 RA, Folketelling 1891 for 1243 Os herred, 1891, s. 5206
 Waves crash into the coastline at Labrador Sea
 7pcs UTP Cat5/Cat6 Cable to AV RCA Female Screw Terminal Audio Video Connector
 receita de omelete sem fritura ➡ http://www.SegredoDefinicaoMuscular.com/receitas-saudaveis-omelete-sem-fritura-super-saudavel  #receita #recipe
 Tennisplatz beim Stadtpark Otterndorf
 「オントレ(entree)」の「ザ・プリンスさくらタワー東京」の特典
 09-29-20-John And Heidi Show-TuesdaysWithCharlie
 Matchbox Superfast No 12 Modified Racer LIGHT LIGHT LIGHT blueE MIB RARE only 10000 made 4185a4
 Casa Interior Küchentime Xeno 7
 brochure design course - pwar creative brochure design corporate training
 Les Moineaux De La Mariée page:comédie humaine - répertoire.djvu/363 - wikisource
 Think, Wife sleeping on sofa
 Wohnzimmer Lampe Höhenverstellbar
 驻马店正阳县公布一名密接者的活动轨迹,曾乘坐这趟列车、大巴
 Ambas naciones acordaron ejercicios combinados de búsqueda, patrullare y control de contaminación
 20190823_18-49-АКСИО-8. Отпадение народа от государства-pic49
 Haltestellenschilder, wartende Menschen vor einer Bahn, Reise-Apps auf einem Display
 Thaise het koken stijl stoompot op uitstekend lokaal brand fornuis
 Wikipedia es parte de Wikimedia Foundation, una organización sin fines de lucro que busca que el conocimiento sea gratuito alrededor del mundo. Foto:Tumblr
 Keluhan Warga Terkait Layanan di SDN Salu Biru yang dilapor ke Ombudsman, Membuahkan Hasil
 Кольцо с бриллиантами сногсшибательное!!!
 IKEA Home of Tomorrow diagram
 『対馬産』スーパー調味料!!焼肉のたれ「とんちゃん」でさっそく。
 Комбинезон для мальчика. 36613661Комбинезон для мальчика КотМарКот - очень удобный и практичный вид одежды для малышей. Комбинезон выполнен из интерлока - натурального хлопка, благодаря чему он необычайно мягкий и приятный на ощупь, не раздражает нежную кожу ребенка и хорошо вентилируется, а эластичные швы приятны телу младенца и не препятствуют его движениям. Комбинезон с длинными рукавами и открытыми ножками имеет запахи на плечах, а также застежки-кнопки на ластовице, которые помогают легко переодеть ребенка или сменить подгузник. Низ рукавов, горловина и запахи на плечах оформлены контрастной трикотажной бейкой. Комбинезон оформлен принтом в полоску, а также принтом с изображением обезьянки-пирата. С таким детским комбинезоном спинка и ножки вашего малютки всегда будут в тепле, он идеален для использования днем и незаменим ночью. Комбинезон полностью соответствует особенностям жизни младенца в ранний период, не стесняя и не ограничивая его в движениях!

**TASK TO CARRY OUT**
All of the records must be repeated exactly.

**ANSWER SPACE**
 RA, Folketelling 1891 for 1243 Os herred, 1891, s. 5206
 Waves crash into the coastline at Labrador Sea
 7pcs UTP Cat5/Cat6 Cable to AV RCA Female Screw Terminal Audio Video Connector
 receita de omelete sem fritura ➡ http://www.SegredoDefinicaoMuscular.com/receitas-saudaveis-omelete-sem-fritura-super-saudavel  #receita #recipe
 Tennisplatz beim Stadtpark Otterndorf
 「オントレ(entree)」の「ザ・プリンスさくらタワー東京」の特典
 09-29-20-John And Heidi Show-TuesdaysWithCharlie
 Matchbox Superfast No 12 Modified Racer LIGHT LIGHT LIGHT blueE MIB RARE only 10000 made 4185a4
 Casa Interior Küchentime Xeno 7
 brochure design course - pwar creative brochure design corporate training
 Les Moineaux De La Mariée page:comédie humaine - répertoire.djvu/363 - wikisource
 Think, Wife sleeping on sofa
 Wohnzimmer Lampe Höhenverstellbar
 驻马店正阳县公布一名密接者的活动轨迹,曾乘坐这趟列车、大巴
 Ambas naciones acordaron ejercicios combinados de búsqueda, patrullare y control de contaminación
 20190823_18-49-АКСИО-8. Отпадение народа от государства-pic49
 Haltestellenschilder, wartende Menschen vor einer Bahn, Reise-Apps auf einem Display
 Thaise het koken stijl stoompot op uitstekend lokaal brand fornuis
 Wikipedia es parte de Wikimedia Foundation, una organización sin fines de lucro que busca que el conocimiento sea gratuito alrededor del mundo. Foto:Tumblr
 Keluhan Warga Terkait Layanan di SDN Salu Biru yang dilapor ke Ombudsman, Membuahkan Hasil
 Кольцо с бриллиантами сногсшибательное!!!
 IKEA Home of Tomorrow diagram
 『対馬産』スーパー調味料!!焼肉のたれ「とんちゃん」でさっそく。
 Комбинезон для мальчика. 36613661Комбинезон для мальчика КотМарКот - очень удобный и практичный вид одежды для малышей. Комбинезон выполнен из интерлока - натурального хлопка, благодаря чему он необычайно мягкий и приятный на ощупь, не раздражает нежную кожу ребенка и хорошо вентилируется, а эластичные швы приятны телу младенца и не препятствуют его движениям. Комбинезон с длинными рукавами и открытыми ножками имеет запахи на плечах, а также застежки-кнопки на ластовице, которые помогают легко переодеть ребенка или сменить подгузник. Низ рукавов, горловина и запахи на плечах оформлены контрастной трикотажной бейкой. Комбинезон оформлен принтом в полоску, а также принтом с изображением обезьянки-пирата. С таким детским комбинезоном спинка и ножки вашего малютки всегда будут в тепле, он идеален для использования днем и незаменим ночью. Комбинезон полностью соответствует особенностям жизни младенца в ранний период, не стесняя и не ограничивая его в движениях!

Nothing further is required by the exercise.